Police Work Makes Time Stand Still In Only the River Flows

Detective Ma Zhe (Yilong Zhu) wanders through the frames of Wei Shujun’s period noir Only the River Flows, smoking cigarettes like carbon monoxide is actually his oxygen, almost always bedecked in his leather coat. These are the trademark symbols of a weary cop who has worked too long and seen too much. Ma Zhe’s protective outerwear doesn’t protect him at all, of course, not even against the weather; he’s often seen shivering and hugging himself for warmth in the cold rural nights he spends chasing a murderer.

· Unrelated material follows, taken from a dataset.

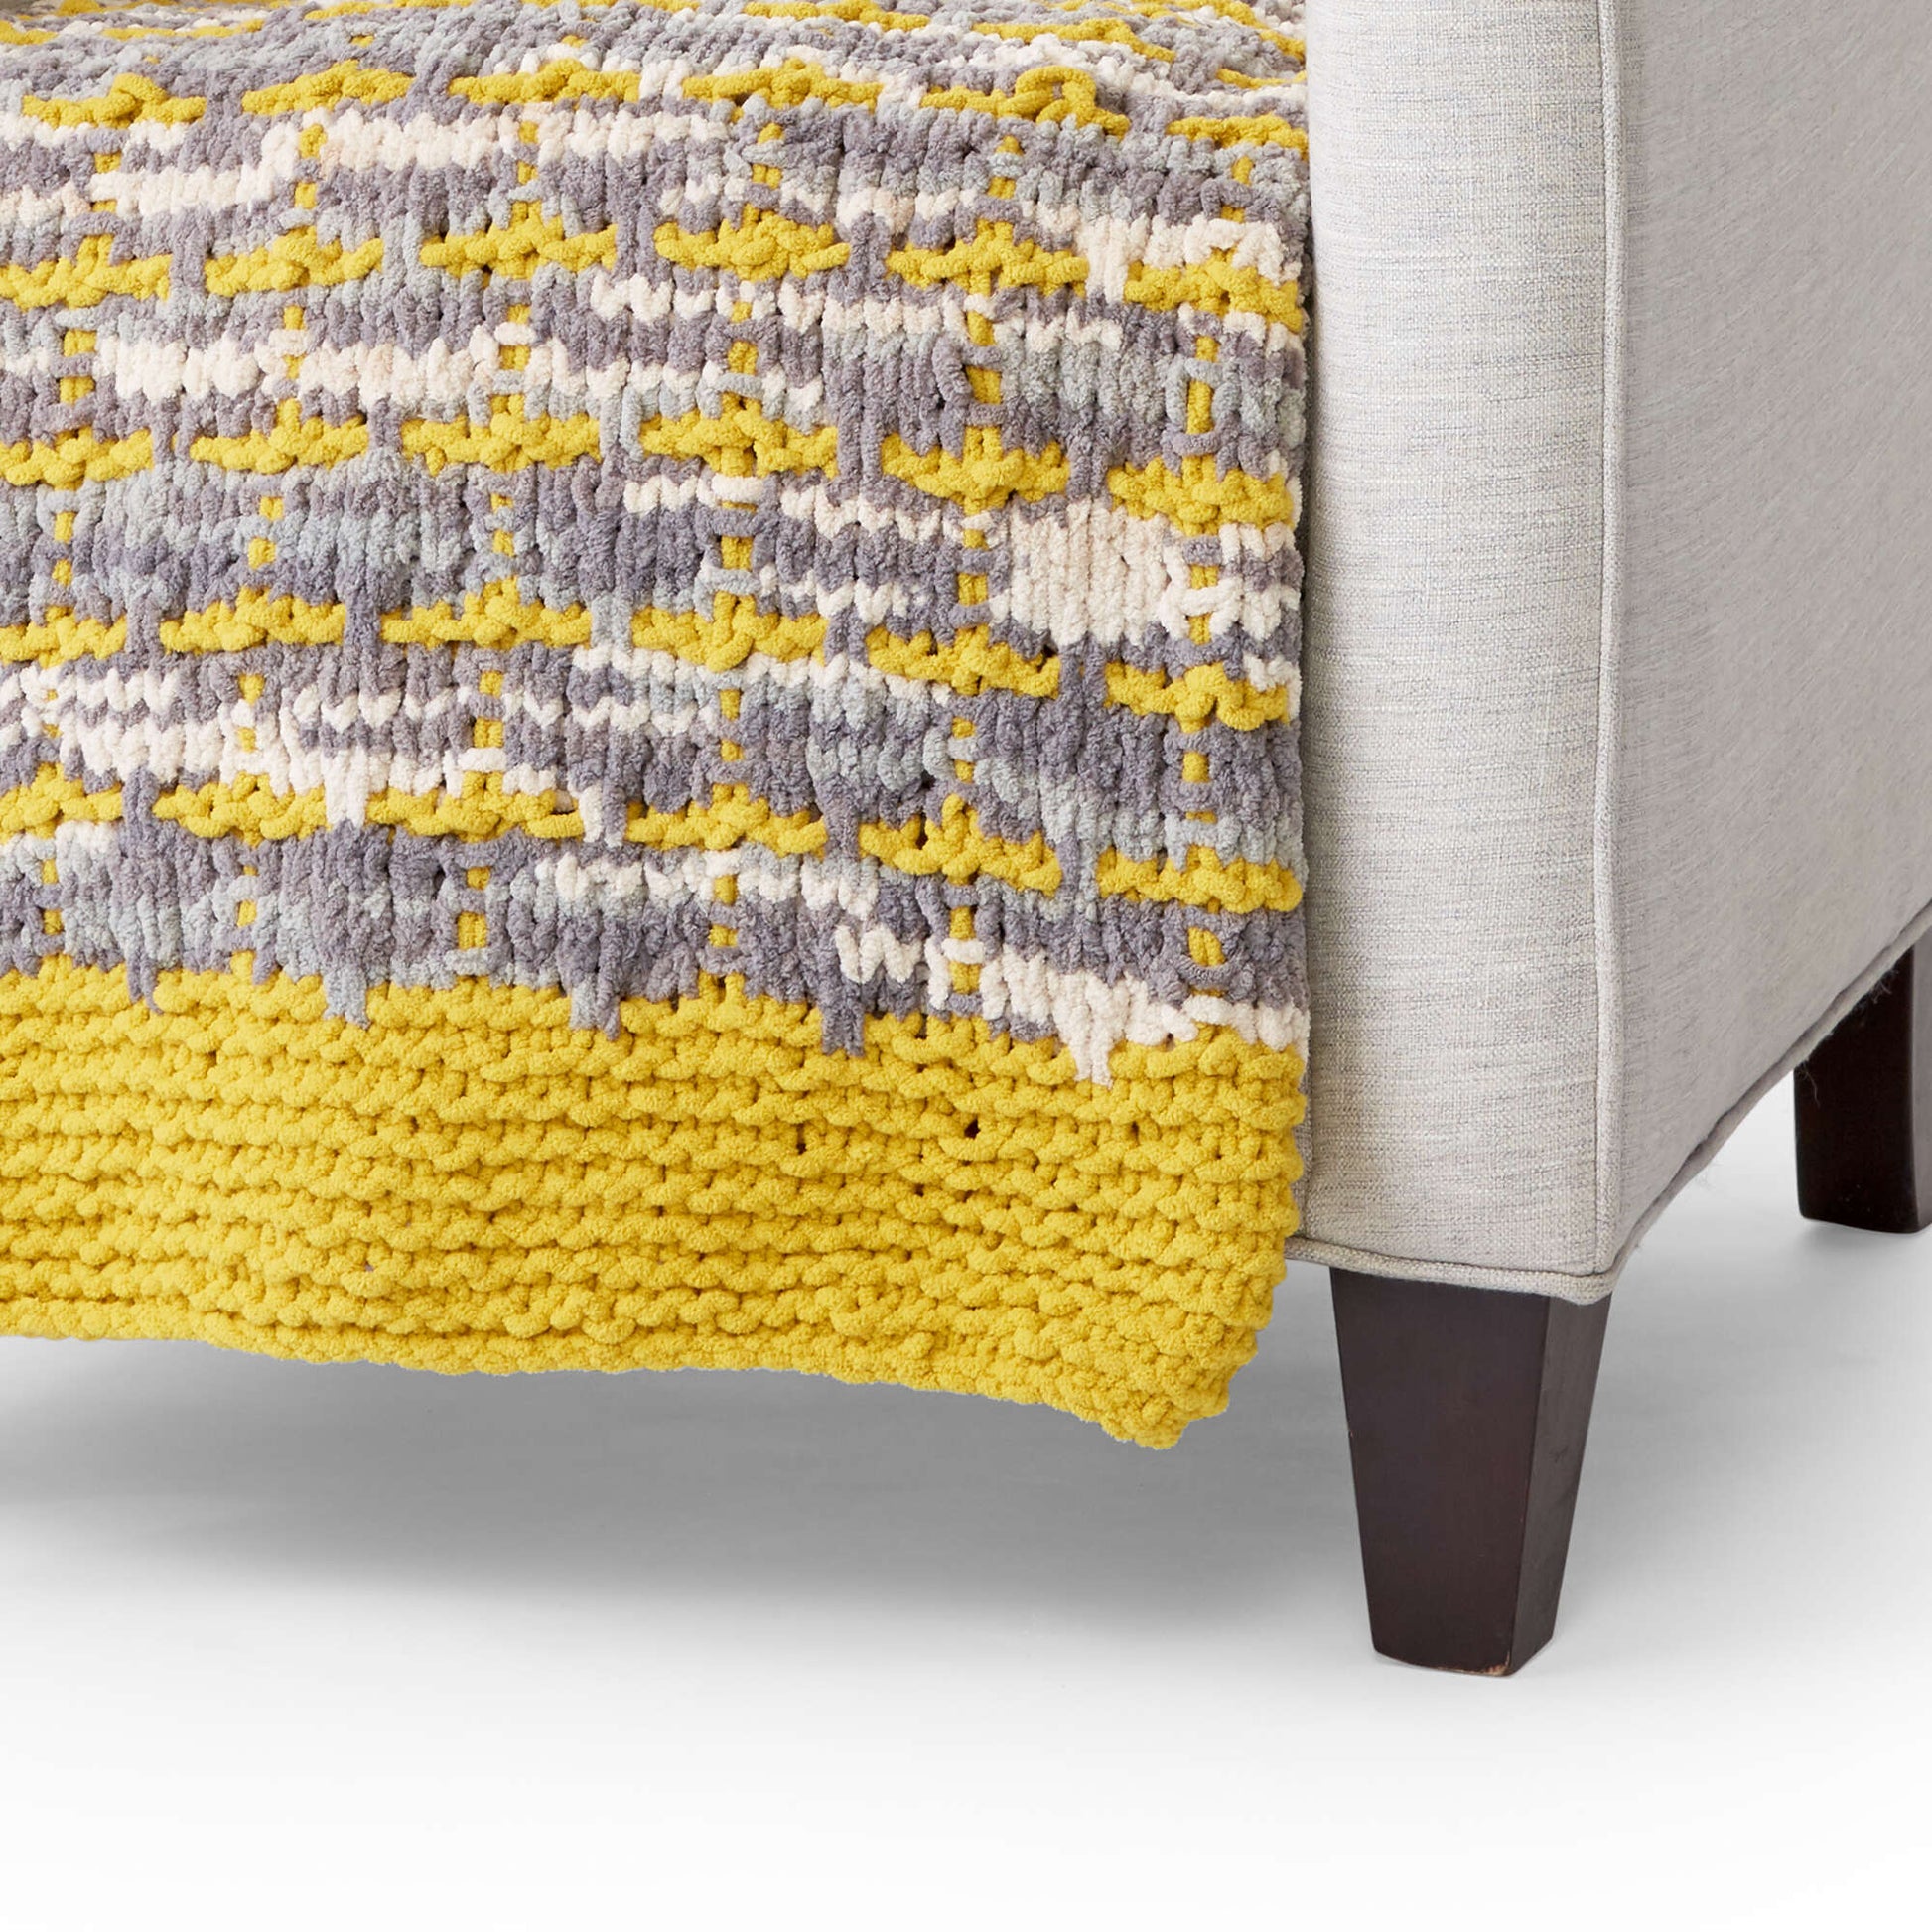 Free Bernat Gridline Knit Blanket Pattern

Only the River Flows takes place in Banpo Town, a fictional riverside hamlet, in 1990s China. Ma Zhe, already on the cusp of being jaded when we meet him at the start of the film, is tasked with solving the murder of an elderly woman, whose dead body washes up on the shores of said river; Shujun makes hay of the “case closed!” trope, wherein the culprit is found too soon, and too easily, to satisfy the hero’s internal drive to pursue the truth and find justice. It’s the “madman” (Chunlei Kang), says Ma Zhe’s boss (Tianlai Hou) and his peers – a taciturn, behaviorally challenged man, pseudo-adopted by the elderly woman. Because he’s such an obvious subject, the audience knows that he isn’t the guy, and that the quick solution is neither about truth nor justice, but about appearances. The chief wants Ma Zhe’s investigation over and done with, wrapped with a neat little bow on top. Ma Zhe’s gut gets in the way.
It isn’t just instinct that holds up the film’s proceedings, either. It’s Ma Zhe’s impending fatherhood. Quietly, delicately, Only the River Flows uses the madman as a foil for all of the anxieties baked into every new parent-to-be. A doctor tells Ma Zhe and his wife Bai Jie (Chloe Maayan) that there’s a 10% chance that their baby will be born with a genetic defect that would stymie their cognitive growth; suddenly the madman ceases to be a mere murder suspect, and instead turns into a window for what Ma Zhe’s unborn child might be like. Immediately upon coming home from that awkward visit with the doctor, Ma Zhe practically orders Bai Jie to abort the baby.